In this era of globalization, participating in economic activities such as trade and ventures beyond the national borders is essential for the survival and generation of proceeds for large and small firms. Notably, during the 1980s Japanese manufacturing firms especially organizations in the automotive and electronics industries participated in the world market where they reaped substantial revenues. Expansion of the export shares in the international trade volume spurred political issues from the United States and European nations, and initiation of several trade negotiations such as the General Agreement on Tariffs and Trade (Urata 20). During this time, globalization was promoted by trade liberalization, technological developments, and privatization of industries. Following the economic bubble burst that took place in the early 1990s, the economy in Japan was marked by slow economic growth deteriorating the significance of participating in the international market.
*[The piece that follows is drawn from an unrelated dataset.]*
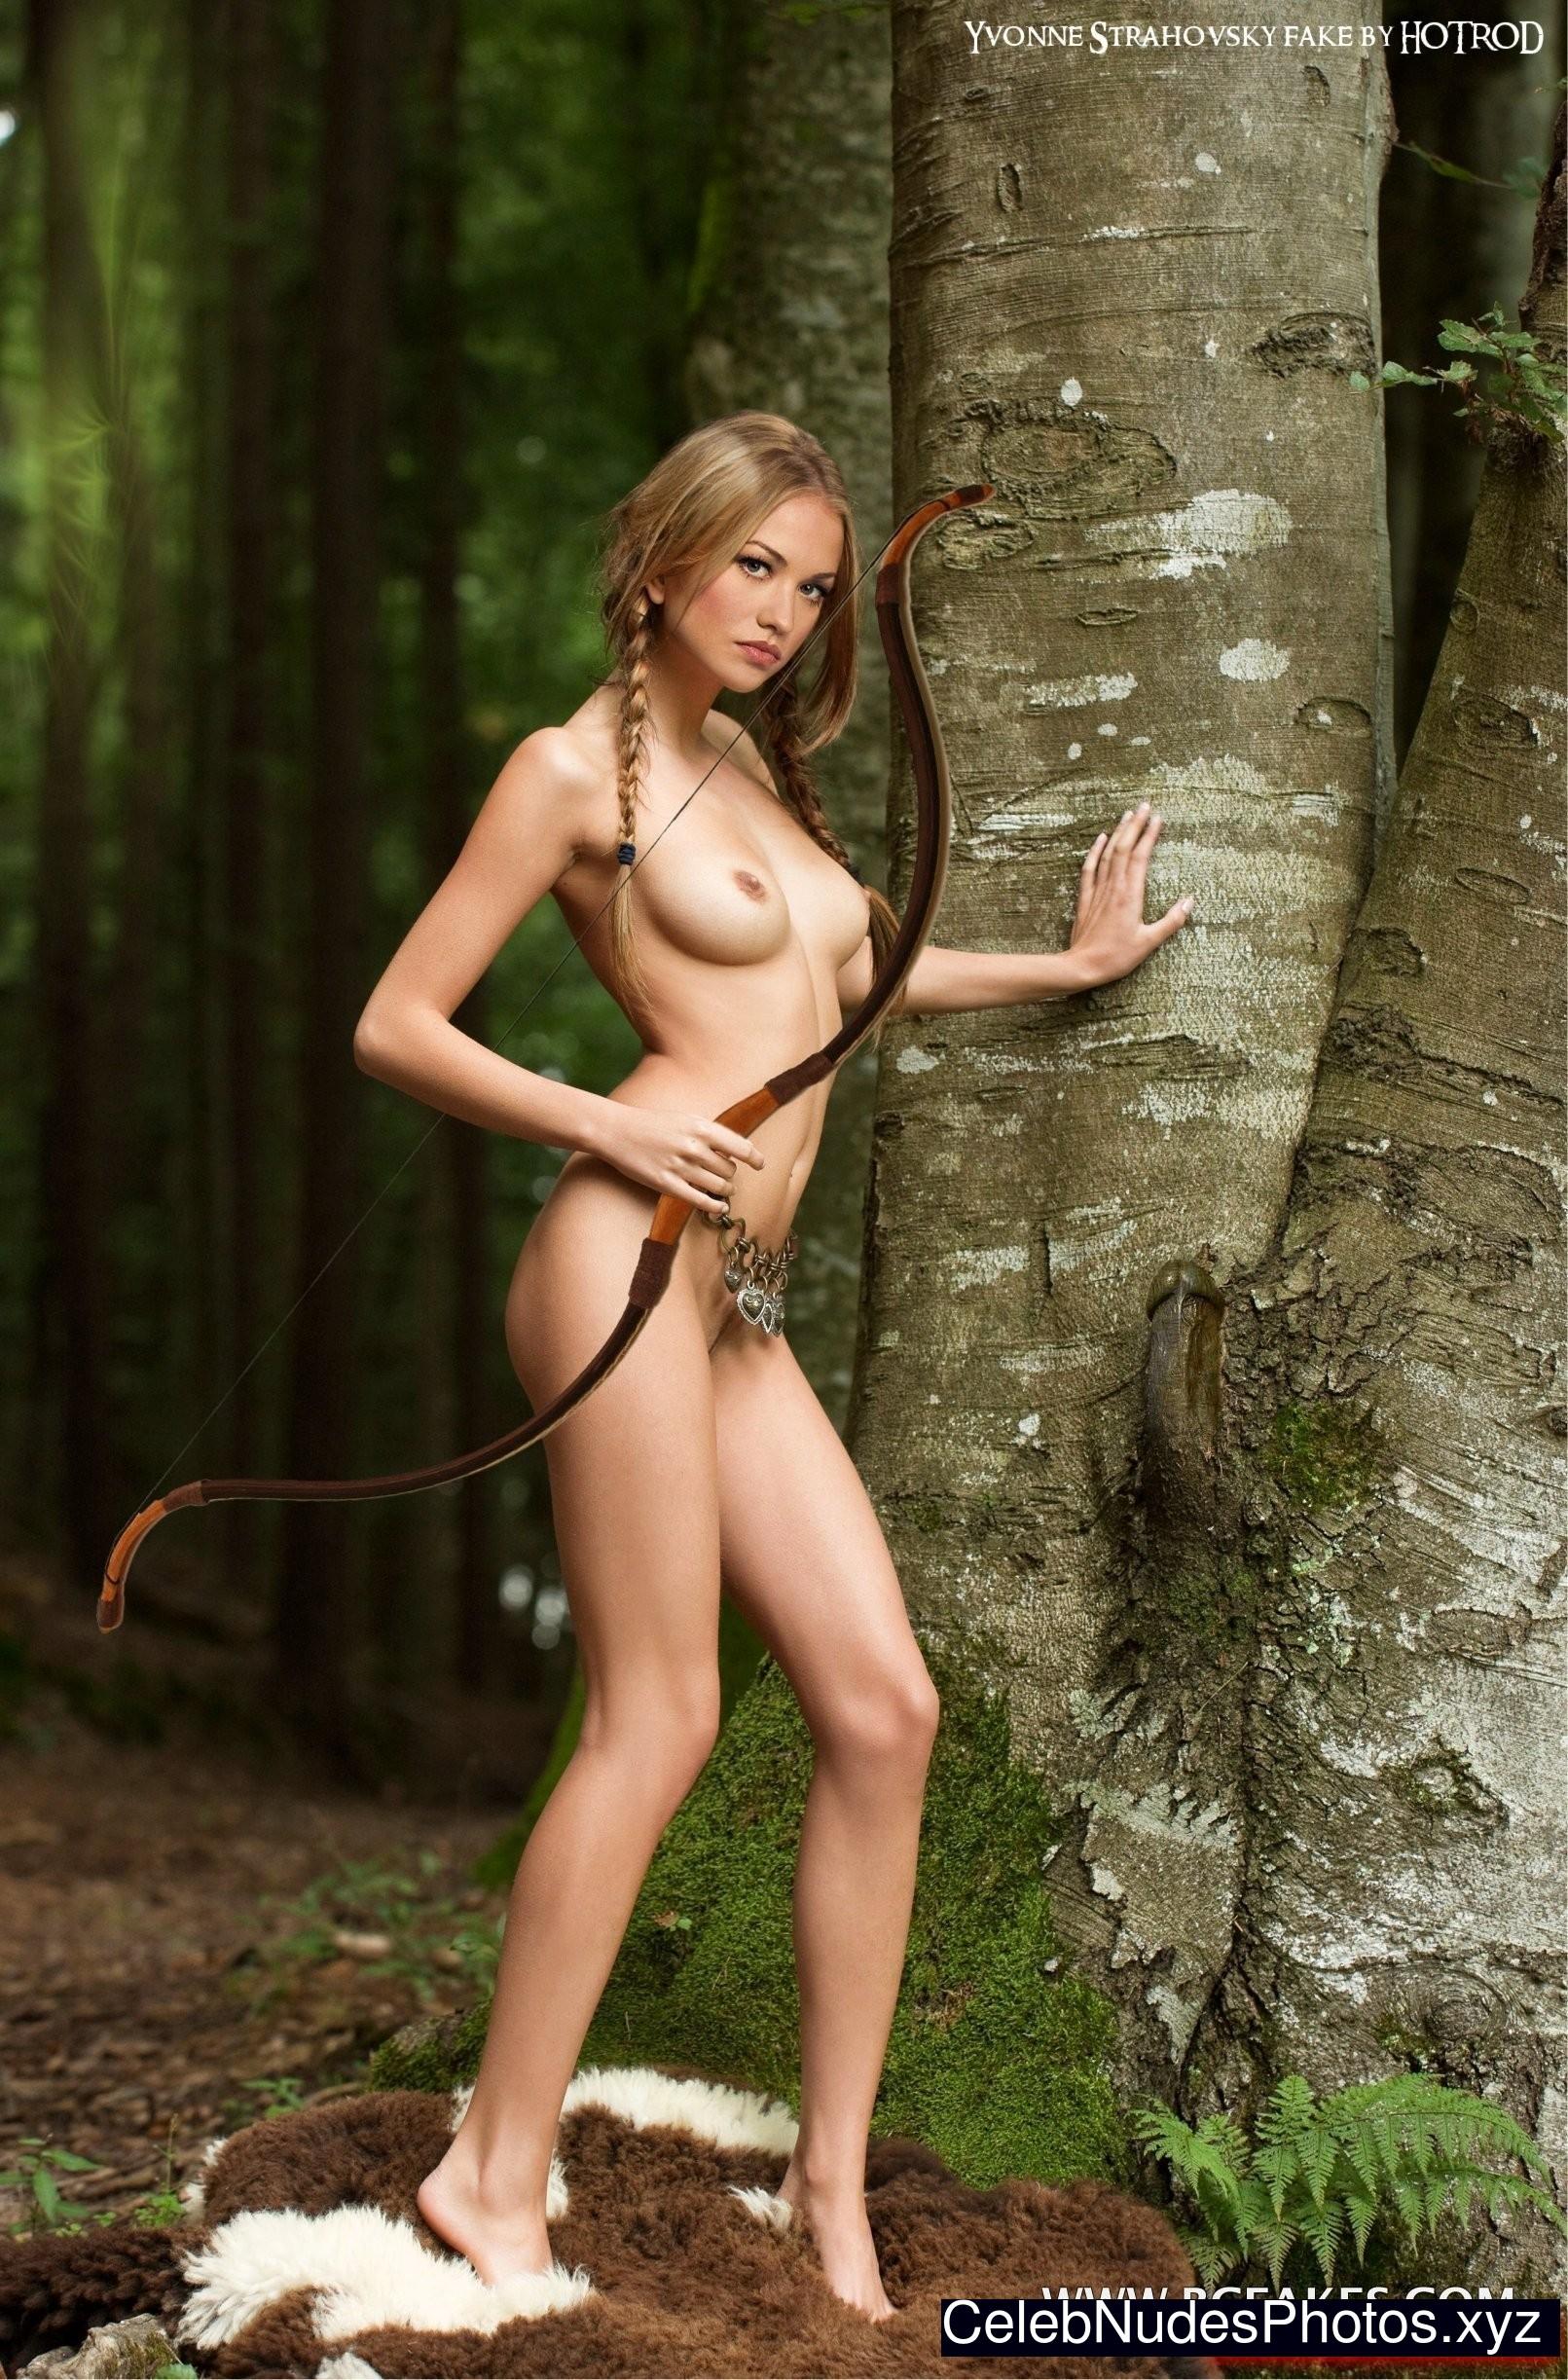 Naked girlfriend snapchat

Notably, optimizing the benefits of a global market require not only the exportation of goods and services but also the establishment of production overseas across the border.
In the 1980s, firms in Japan began increasing their activities in the overseas market through foreign direct investments. This period was suitable for the expansion of foreign direct investment since Japanese appreciated because of the Plaza Accord. Specifically, the Japanese firms established their production facilities and activities in other countries including Malaysia and Thailand. Numerous Japanese organizations expanded their production operations in China reinforced with the open door policies adopted by China (Motohashi 14). Specifically, the offshore production level in Japan stood at 8.6% in 1994, which represented an enormous expansion from approximately 3% in 1986 (Heizo and Ryokichi 8).
Globalization in Japan peaked in the 1980s because of the rapid rise of yen. The country increased its dependence on the outside world as its companies began to take advantage of the emerging opportunities in the global market. Japanese companies like Toyota and Nissan, for example, took advantage of globalization and began to export their products to emerging markets in Asia and Africa.
Chinese and Japanese Trade
This section examines the trade between Japan and China to analyze their approach to foreign trade. Yoon and Yeo (123) affirm that China and Japan are interdependent through foreign trade, portfolio, and foreign direct investments. According to Rusdy et al., the relationship between the two countries represents the essential bilateral ties in the world despite being compromised by political influence. Armstrong (2) agrees with Rusdy et al. by asserting that China and Japan share the third largest economic partnership all over the world. Starting from arm’s length trade relationship in 1978, the trade connections concerning foreign trade structures between the two countries developed into a collaborative relationship in 2007 making it the third largest in the world. This partnership has manifested itself through the remarkable expansion and growth of trade and foreign direct investment over the last three decades.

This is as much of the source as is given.